WEBCommentary Contributor

Author: Michael J. Gaynor
Date:  October 5, 2008

Topic category:  Other/General

Alphabet Networks for Obama, Biden-Palin Debate and Moderator Ifill


An honorable judge recuses herself or himself from a case where there is even an appearance of impropriety. Ifill should have been unselfish, recused herself as moderator and asked Ann Coulter to fill in for her! (A blonde should have been chosen to moderate a presidential or vice presidential debate by now.)

Alphabet Networks

ABC, CBS, CNN and NBC favor Obama-Biden over McCain-Palin.

Have you noticed?

MSNBC devotes 7 PM to 10 PM weeknights to Chris Matthews, Keith Olbermann and Rachel Maddow campaigning for Obama.

ABC anchor Charles Gibson's interview of Sarah Palin left his friend Fox News anchor Brit Hume defending Gibson by blaming the cameramen and the researchers for making Gibson look disdainful and sexist. The final episodes of ABC's "Boston Public" are designed to boost the Obama vote.

CBS anchor Katie Couric didn't look disdainful or sexist, but she asked Palin to name Supreme Court cases (although neither McCain nor Palin is a lawyer) and insinuated that Palin was out of touch by asking what newspapers and magazines she read. Has Couric asked any other Governor that, or is that an eastern elitist question for Republicans who are not part of the Washington establishment like "Sarah Barracuda"?

CNN remains relentlessly biased in favor of Obama and other leftist Democrats.

Biden-Palin DebatePoor Joe Biden. That man has been a United States Senator since 1973. Sarah Palin is young enough to be his daughter and she hasn't spent a second, much less 35 years, in the United States Senate or run for president once, much less twice.

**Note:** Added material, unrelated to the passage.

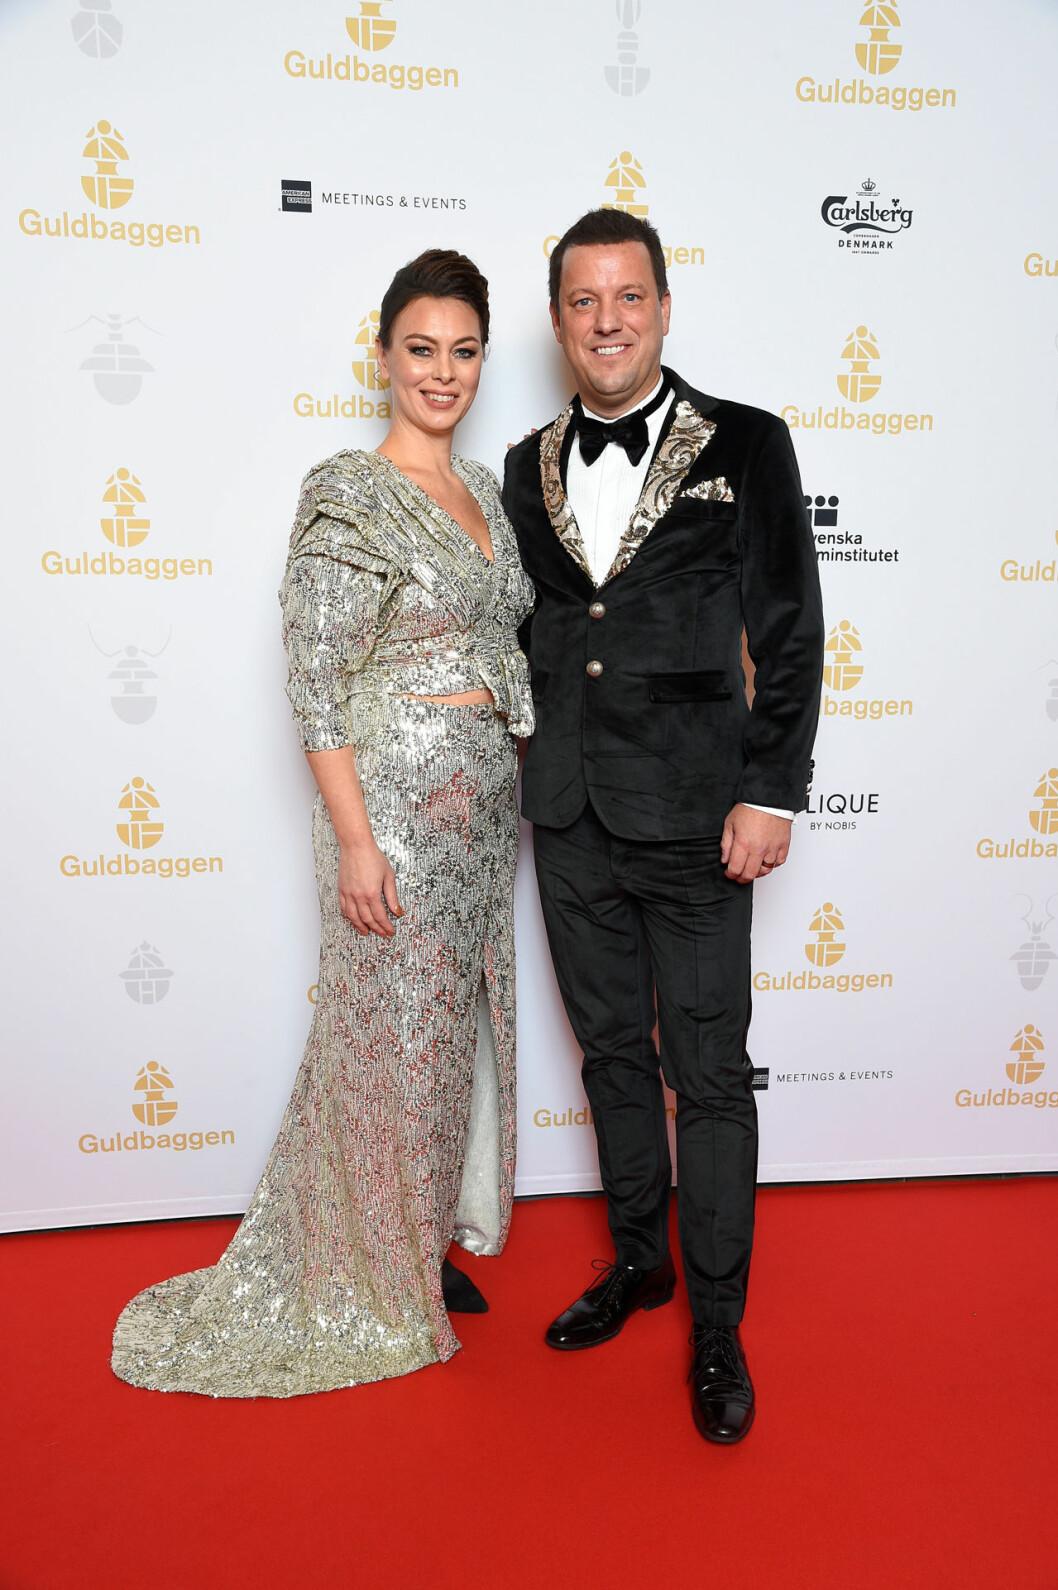 Mia Jorpes och Mikael Löfstrand på röda mattan på GUldbaggegalan 2020

It may have been inconceivable to "the Delaware gaffe machine" that the former point guard for am Alaska high school basketball team could go one-on-one with him and win.

But..."the pit bull with lipstick" did just that!

Scrutinize the transcript and it becomes apparent that Palin won even bigger than it seemed on first viewing (or hearing).

Wikipedia: "[Palin] was the head of the Fellowship of Christian Athletes chapter at the school and the point guard and captain of the school's girls' basketball team. She helped the team win the Alaska small-school basketball championship in 1982, hitting a critical free throw in the last seconds of the game, despite having an ankle stress fracture. She earned the nickname 'Sarah Barracuda' because of her intense play."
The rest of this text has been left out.